A waitress, overhearing this exchange, found that she did not want to restrain herself. "You're both lying!" she shouted at the philosophers. "Stop lying!"
"Synthia, I want your opinion on something," said Quiana.
"You will have it."
"Is it wrong to enjoy ringing a bell?"
"Pardon me?" said Synthia.
"I said," said Quiana, "is it wrong to enjoy ringing a bell?"
"I heard you the first time," said Synthia irritably, "but I presume the question is prompted by some context you have not yet told me, a context I would need to know to provide you with the best answer I can give."
"Happy birthday, Synthia!"
"Why," mused Synthia, "do we celebrate birthdays?
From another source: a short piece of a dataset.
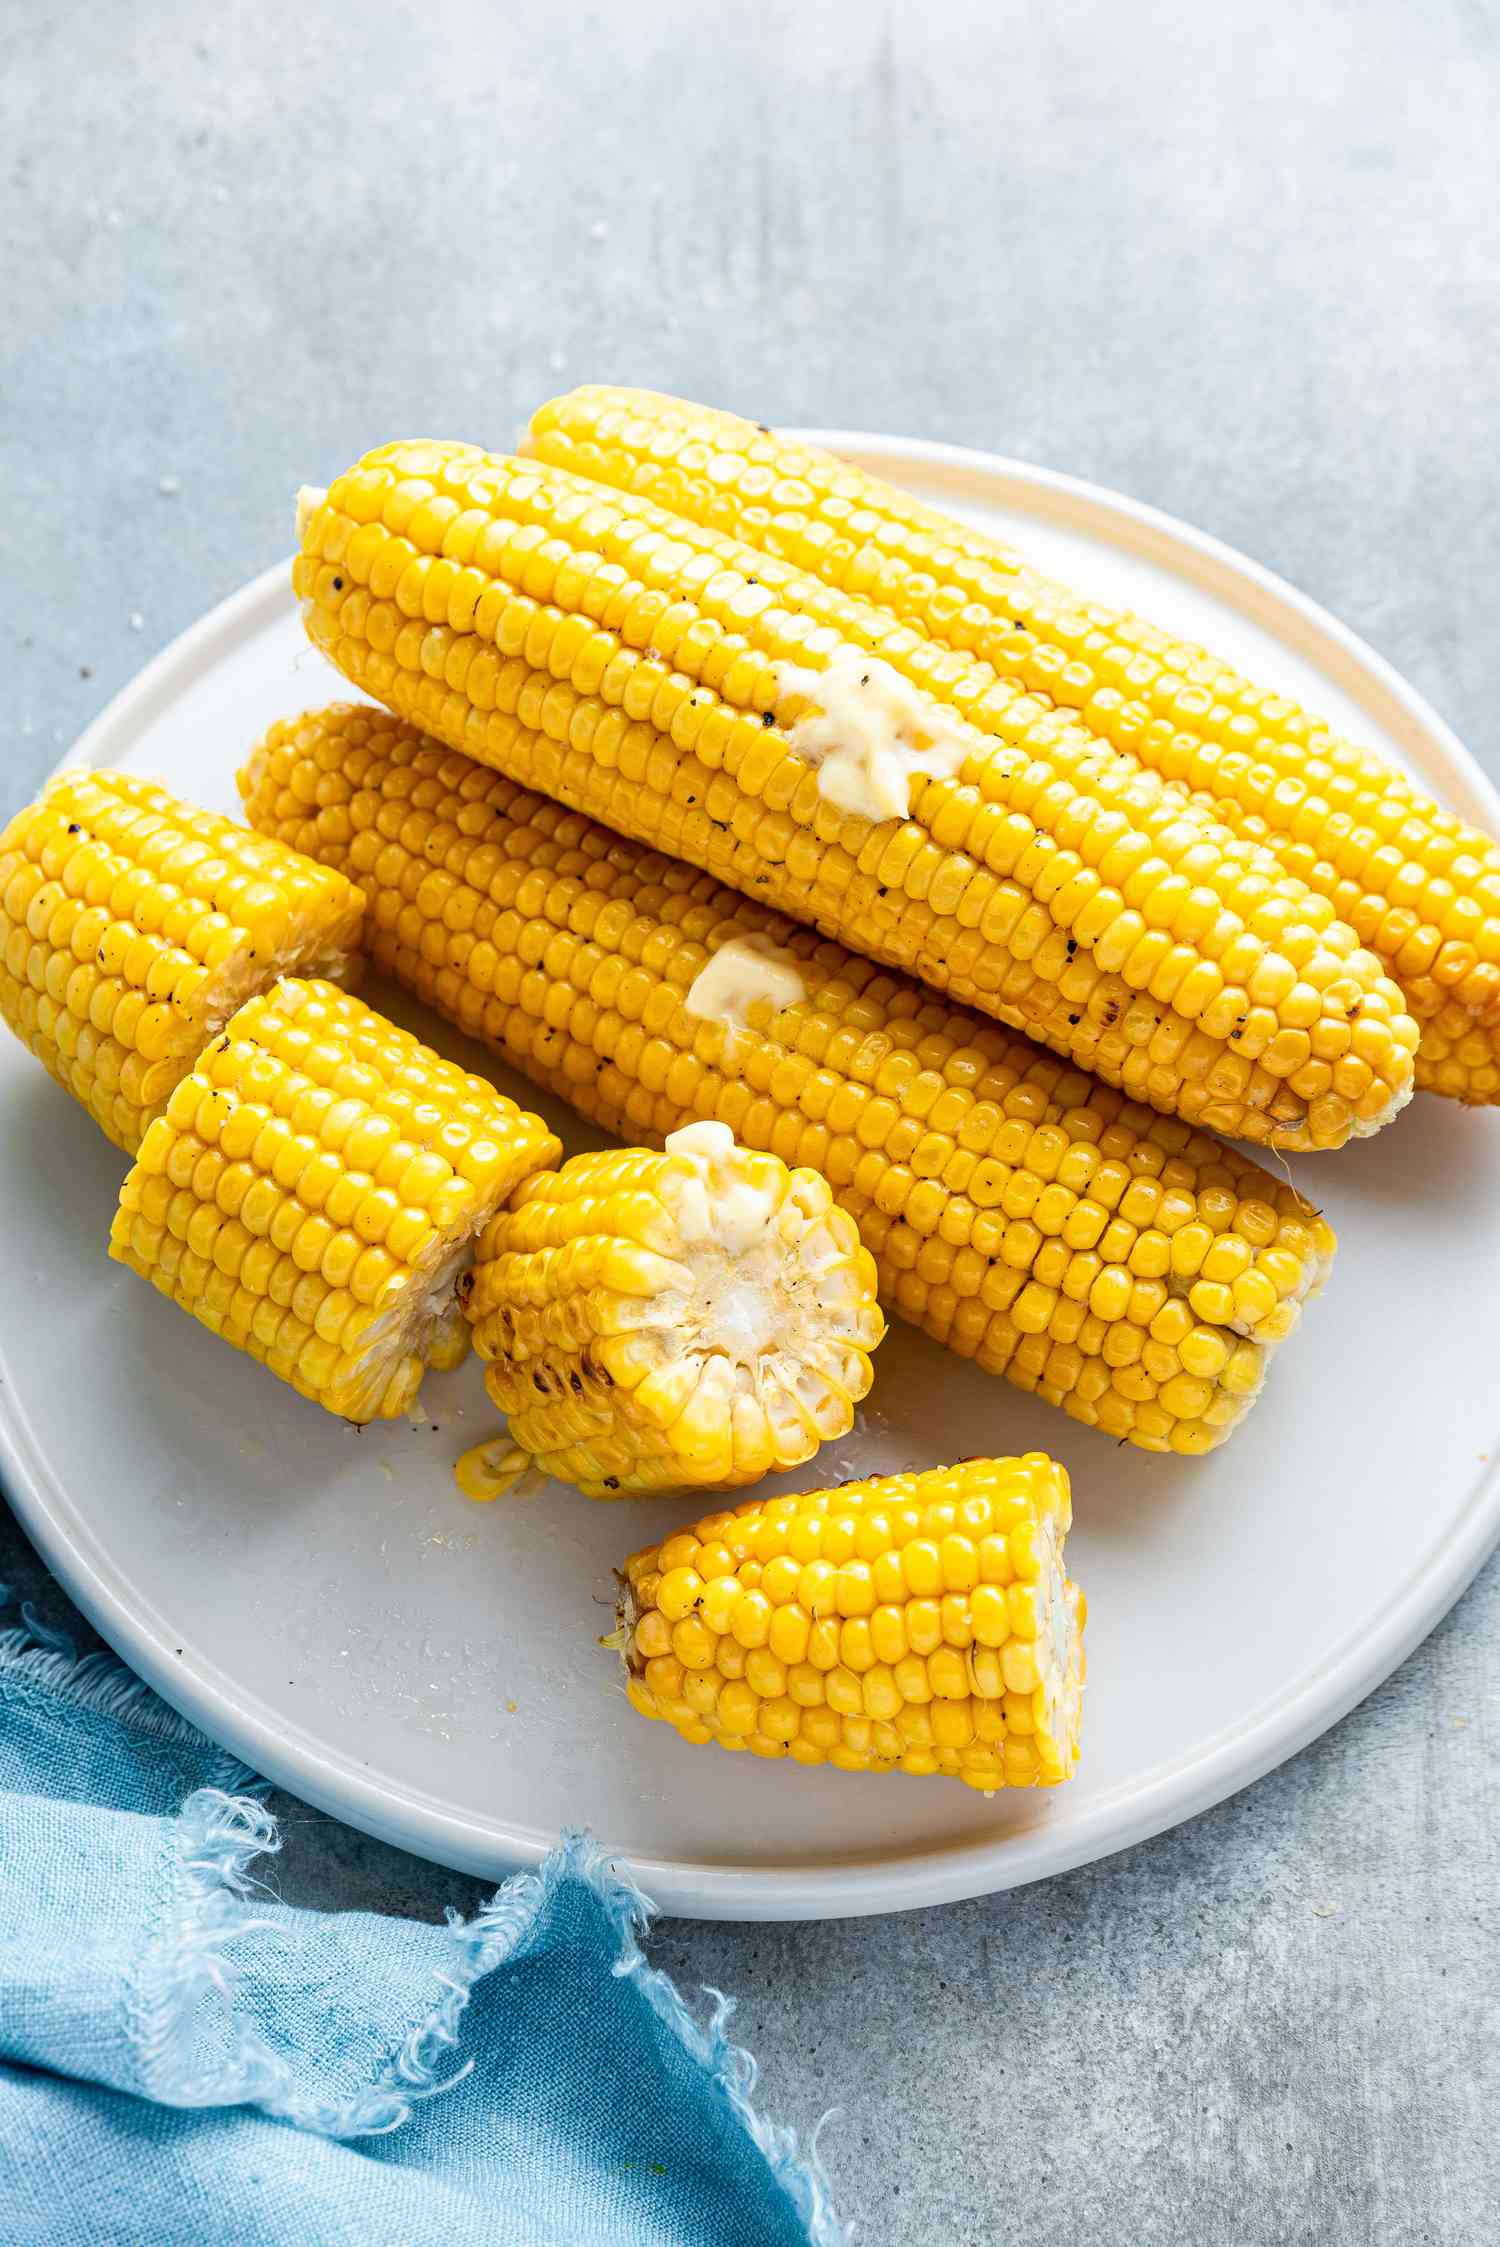 Best of Corn on the cob images

I fail to see anything special about the calendar day on which a person's age-in-calendar-years passes an integer. Are things supposed to be different now that it's been seven-point-five-seven-four times ten-to-the-eighth seconds since my birth, rather than seven-point-five-seven-three?"
Quiana suppressed a groan. Somehow she had been expecting Synthia to say something "normal," like Thanks! But knowing Synthia, it would have been unusual if she had done so: relative to Quiana's state of knowledge of her friend, this—the general style, though not, of course, the specific questions—was the normal response.